William Preston Jr.
William Preston Jr., a historian and activist whose 1963 book Aliens and Dissenters: Federal Suppression of Radicals, 1903–1933 helped open a new field of scholarly inquiry into government policies that repressed radicals and restricted civil liberties, died on April 19, 2010, at his home in Martha’s Vineyard. He was 85.
From 1973 to 1988, Mr. Preston was chairman of the history department at John Jay College of Criminal Justice in Manhattan.
Born into a privileged family Preston veered away from his roots after serving as a tank gunner in World War II. His unit was in the first wave of U.S. forces that landed on Omaha Beach at H-Hour on June 6, 1944. He was severely wounded during the war and was left partially paralyzed for the rest of his life. The army, he later said, “fed my identification with the underdog . . . I learned something about class, a lot about stupidity in authority, and came out with a very resistant attitude toward higher powers” (Paul Buhle, ed., History and the New Left, 1990).
After the war, his emerging interest in underdogs was nourished by his uncle, Roger N. Baldwin, founder of the American Civil Liberties Union.

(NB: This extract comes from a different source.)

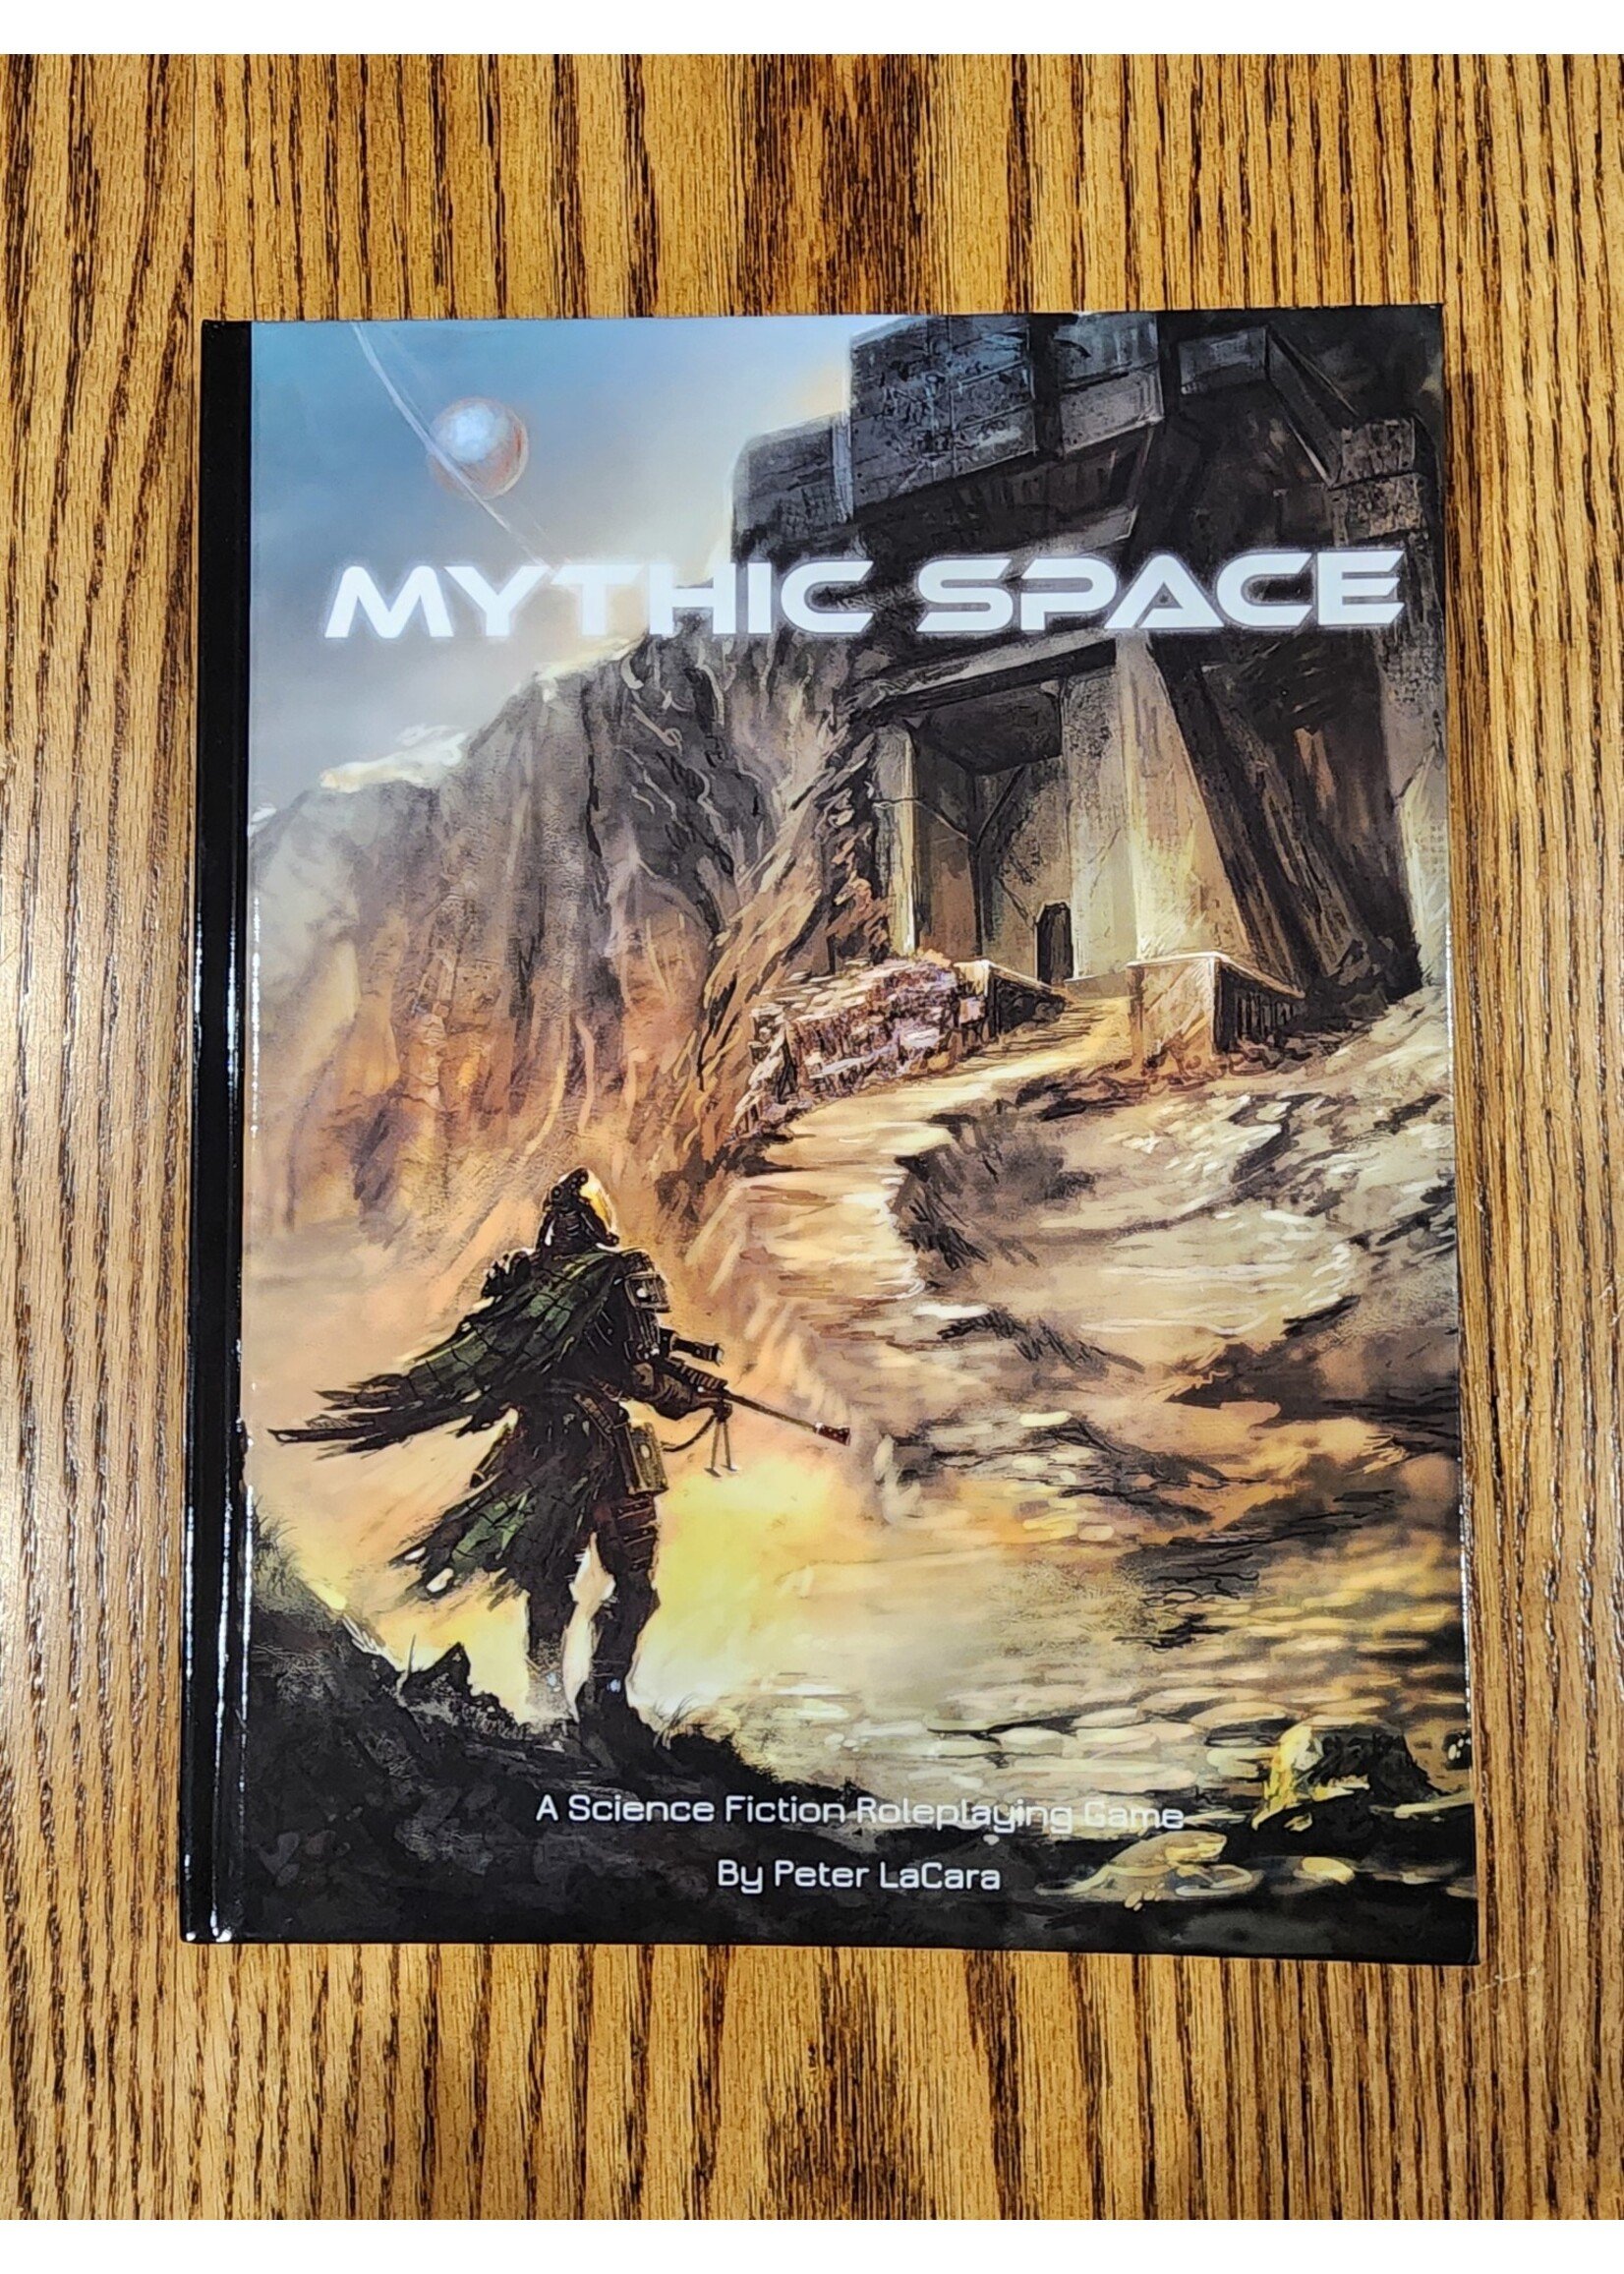 Mythic Space RPG - By Rochester's own Peter LaCara

Preston’s commitment to academic freedom was tested in 1950 after he enrolled as a graduate student at the University of California at Berkeley following his graduation from Columbia University. The university would not hire him as a teaching assistant because he refused to sign an oath swearing he was not a member of the Communist party or any alleged subversive group. He moved to Madison, Wisconsin, where he joined a core of radical professors at the University of Wisconsin. With the support of his professors, Preston began delving into the history of government repression of immigrants and radical labor unions between 1903 and 1933. He became the first researcher given access to mountains of Justice Department records that showed a pattern of surveillance, intimidation, raids, deportations that accompanied the post–World War I red scare. He hunkered down for two years at the National Archives to review these materials.

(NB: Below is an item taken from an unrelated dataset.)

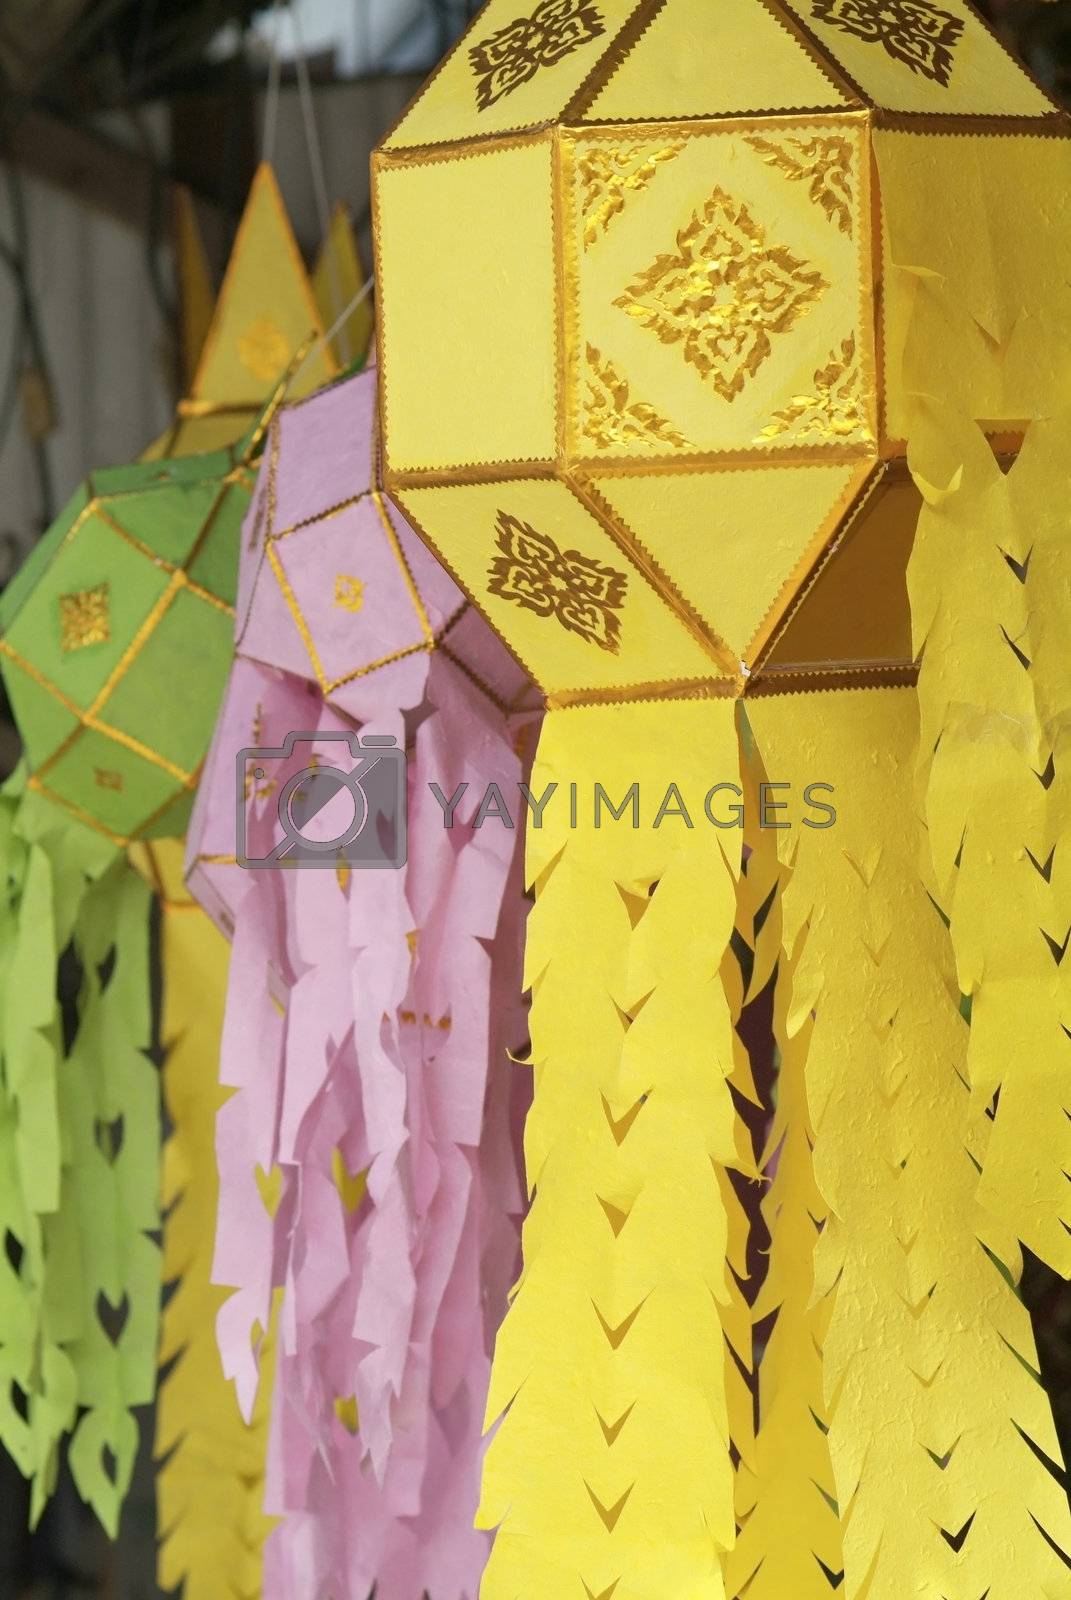 Royalty free image of Paper lanterns by epixx

In his August 1963 Washington Post review of Aliens and Dissenters Supreme Court Justice William O. Douglas praised the book for revealing “the seamy side of America . . . bigotry, intolerance, hatred, suspicion of foreigners, and the use of class power to pulverize the less privileged.” The book’s use of formerly classified records also pointed the way for a new generation of historians and activists who began to demand access to files that could shed light on government surveillance, wiretapping, and suppression of information. Aliens and Dissenters helped set the stage for revelations that surfaced in the Watergate investigation, the Church committee report on Central Intelligence Agency surveillance of domestic radicals, and the George W. Bush administration. The book is still widely used in classrooms.
From 1954 to 1970, until he resigned in a protest over the administration’s treatment of black students, Preston was professor of history and chairman of the history department at Denison University in Granville, Ohio. In 1973 Preston became chairman of the history department at John Jay, providing him the opportunity to teach civil liberties and constitutional history to police officers at precinct stations. Preston often said that police officers were among the most receptive students he ever had. Preston also served as chairman of the Fund for Open Information and Accountability (FOIA, Inc.), an organization that fought government secrecy and classification, supported the use of the Freedom of Information Act, and helped block the destruction of Federal Bureau of Investigation field office files.
Preston continued to write articles on the history of civil liberties after leaving John Jay, and his account of his Omaha Beach experience appeared in the July 14, 1994, issue of the New York Review of Books. Describing the “near catastrophe” of the day, he wrote that the events “diminished forever the credibility of the concepts of strategic planning and tactical order; it provided me instead with a sense of chaos, random disaster and vulnerability.”
He is survived by a son, Michael Preston, and three daughters, Margo Baldwin, Evie Preston, and Lauren Preston-Wells.